Once it had achieved policy standardization, the company "implemented a one-stop-shop for our leaders," she added. Her team continues to track the policy's implementation to ensure that the customer experience is the same for each interaction. They also help strategize onboarding techniques, as well as recruitment, retention and recognition strategies.

While Crumpler stressed the need to look at each case independently, the consultants and business leaders use the database and a shared team site as resources to guide their decisions.

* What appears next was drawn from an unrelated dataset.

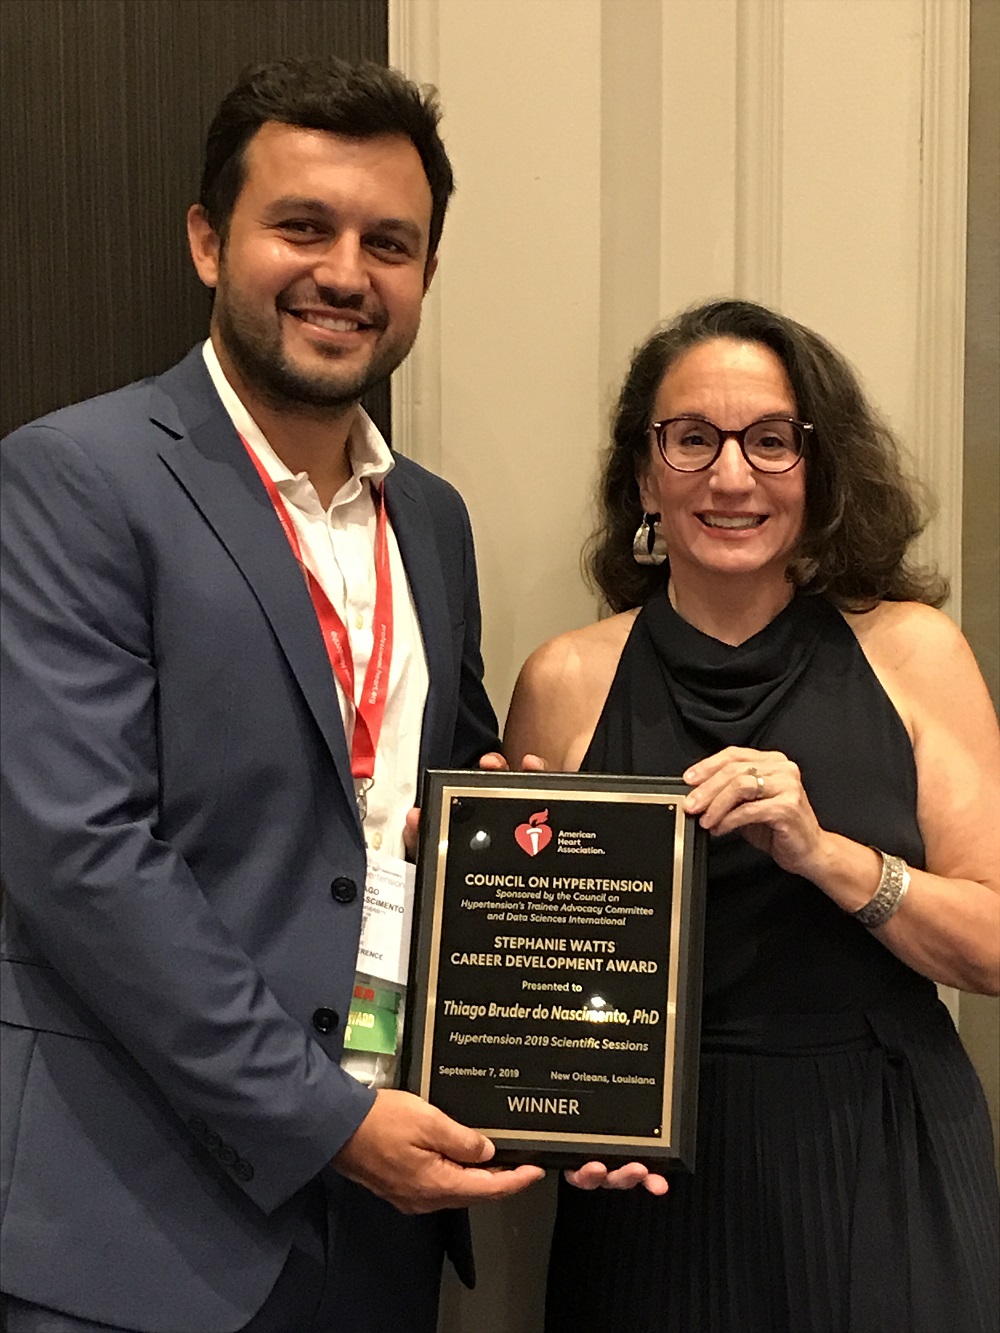 2019 AHA  Hypertension Scientific Session   “Stephanie Watts Career Development Award” awarded  to Thiago BRUDER DO NASCIMENTO 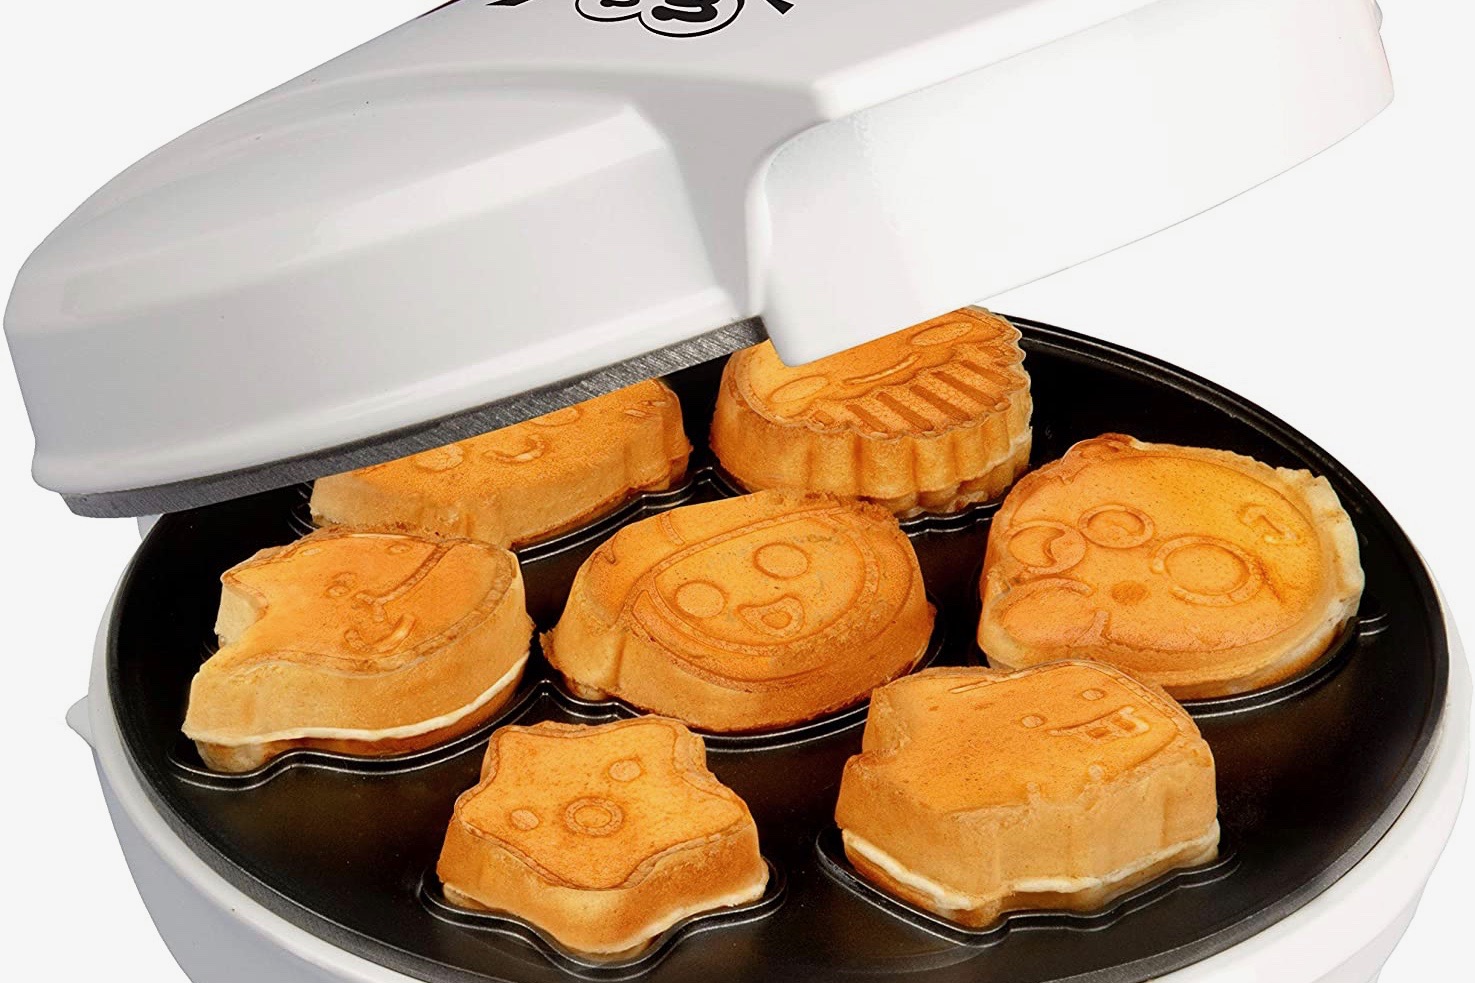 https://www.digitaltrends.com/wp-content/uploads//2020/11/sea-creature-waffle-maker-best-irons-1.jpg?fit=720%2C479&p=1

In addition to these tools, the employee relations program documents and identifies regional trends and business unit challenges. "Data can be used by field HR partners, as well as by our business managers, to identify trends and regional business unit challenges. It also provides information on crucial areas of deteriorating or conflicting employee relations," Crumpler said.

Compared to a decentralized system, which uses paper records on a local or regional scale, Coca-Cola documents everything electronically through its system. This ensures that similar case types are treated equally and maintains a full employment record for employees who move job locations.

 

Ongoing obstacles

Initially, there was resistance from trained HR consultants and business leaders on whether HR could have the same value outside of local environments and whether issues would be handled as well over the phone.

Most of the HR consultants came from field roles where they handled cases face to face, so there was trepidation about how they would make up for the lack of visual cues when dealing with cases.

But Lawson suggests that "we gained auditory enhancements. We brought a different perspective to the investigation." Also, the business leader may share their perspective based on body language observations, while consultants can pick up on tone and agitation in employees' voices.

Because they do all consulting work remotely via phone, "we rely on partnerships," Crumpler explained. "Partnerships with our business leaders, our field security managers and our field HR business partners, who are all equally dispersed. They can provide location presence during investigative meetings and general environmental knowledge that impact the outcome of an investigation."

Corporate counsel makes sure final recommendations are legally compliant and helps to advise managers. They also provide employment law updates and regular training to the team.

Further, with 27% of its employees covered by bargained union agreements, the HR consultants partner with labor relations consultants to make sure resolutions comply with collective bargaining language.

Since it's a difficult to manage employees from remote locations, Coca-Cola implemented a teleworking schedule to increase retention among employee relations consultants. It allowed staff to work from home several days a week and have built-in catch-up days to help them stay on top of documentation and tie up loose ends without falling behind.

 

Culture shift

While the consultants ideally wanted to control all employee relations issues, it was clear early on that high call volume would prevent them looking at each and every issue. By evaluating call trends, they identified the highest volume issues - attendance, time-keeping concerns and minor safety infractions - and gave managers the necessary tools to deal with these issues themselves.

Some managers complained that they were doing additional HR-type work. The HR team had to shift cultural perspectives in order to empower managers to be responsible for that leadership relationship.

"We spoon-fed our leaders," said Lawson. "It takes quite a bit of time for people to ensure that the appropriate approach is taken."

When launching any new program or system, Lawson suggested holding meetings within the HR department separately and then with business leaders. Allow for open Q&A sessions to understand everyone's needs.

"Identify your biggest skeptics and gear your communication toward them," she advised.